# Problem:
Print the whole listing exactly as it appears, but skip the pictures.

# Data segment:
● ● ●
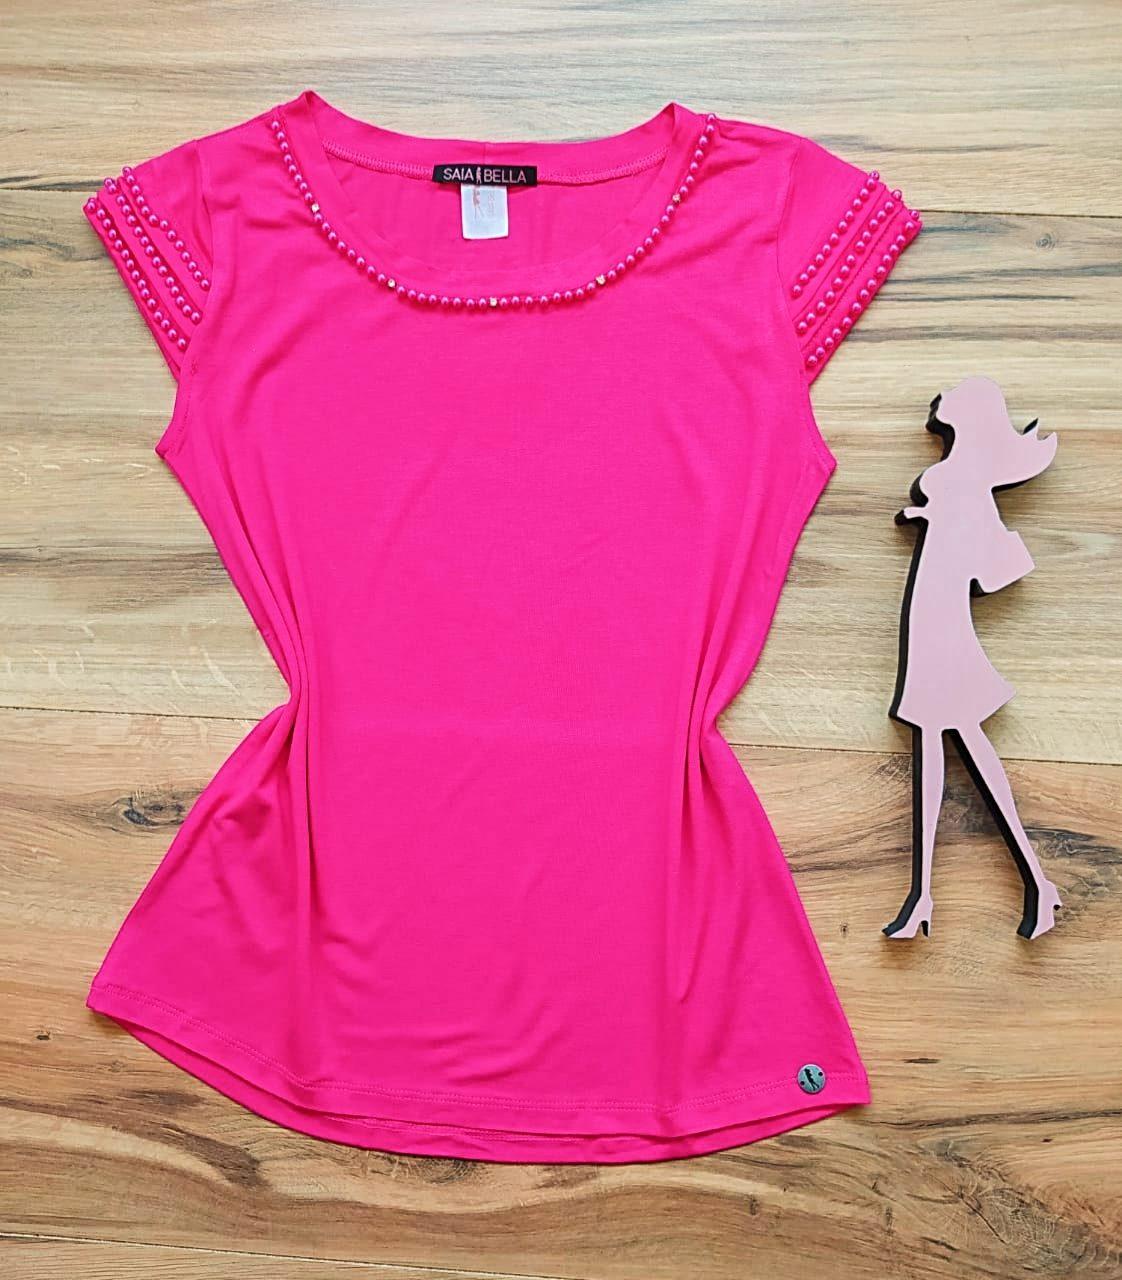 Blusa Raquel  Saia Bella - SB41255 Pink
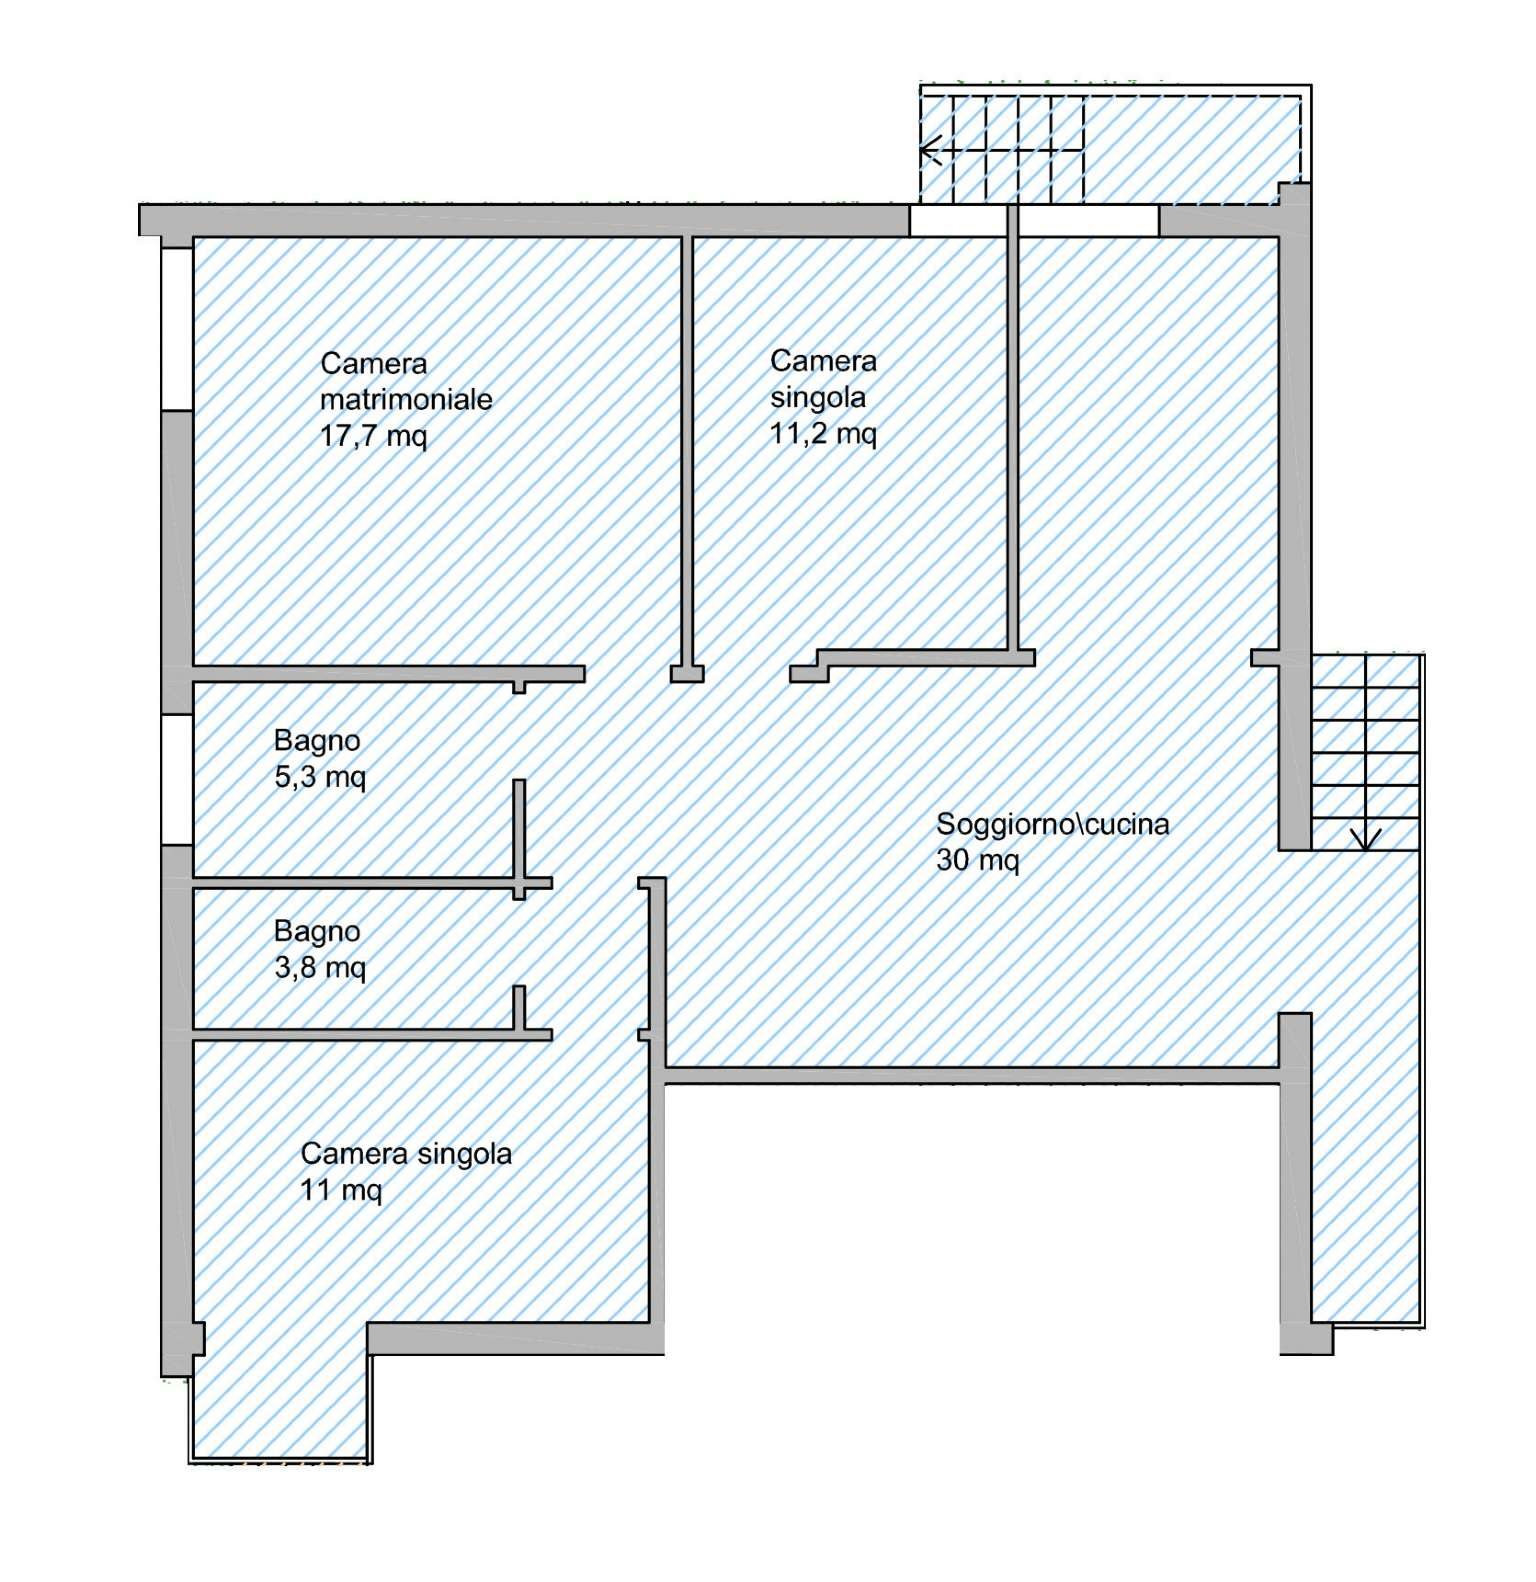 Appartamento in vendita a Forlimpopoli, 6 locali, prezzo € 225.000 | CambioCasa.it
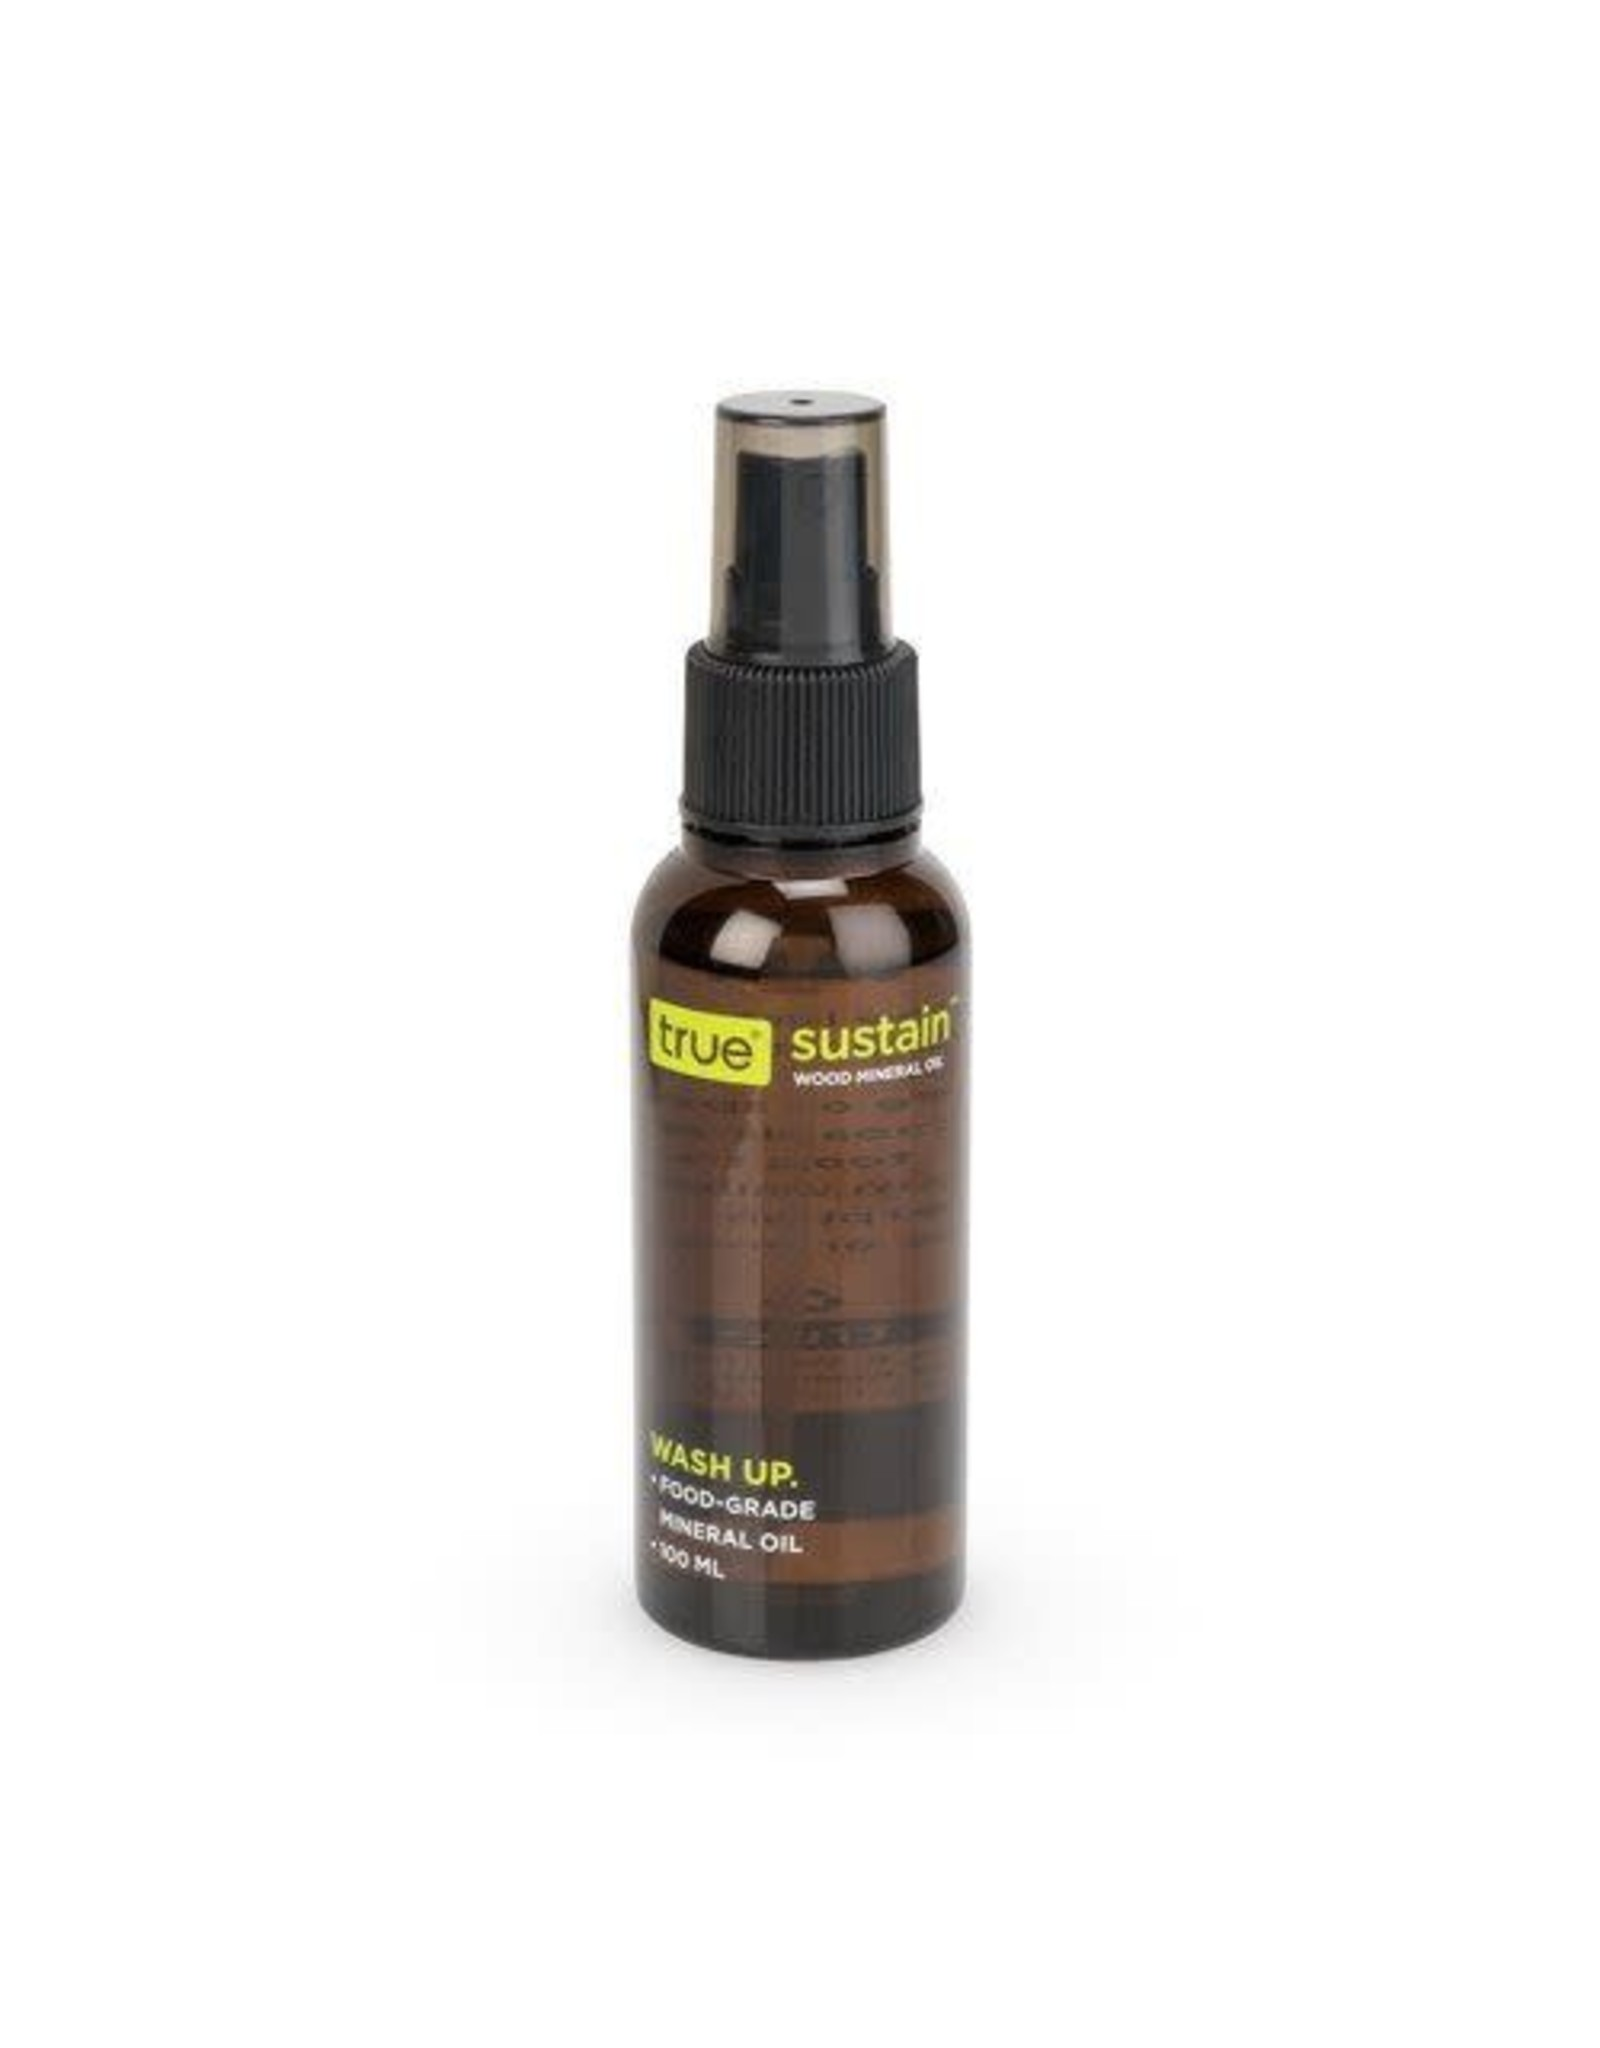 True Wood Mineral Oil
● ● ●
# Task answer:
 Blusa Raquel  Saia Bella - SB41255 Pink
 Appartamento in vendita a Forlimpopoli, 6 locali, prezzo € 225.000 | CambioCasa.it
 True Wood Mineral Oil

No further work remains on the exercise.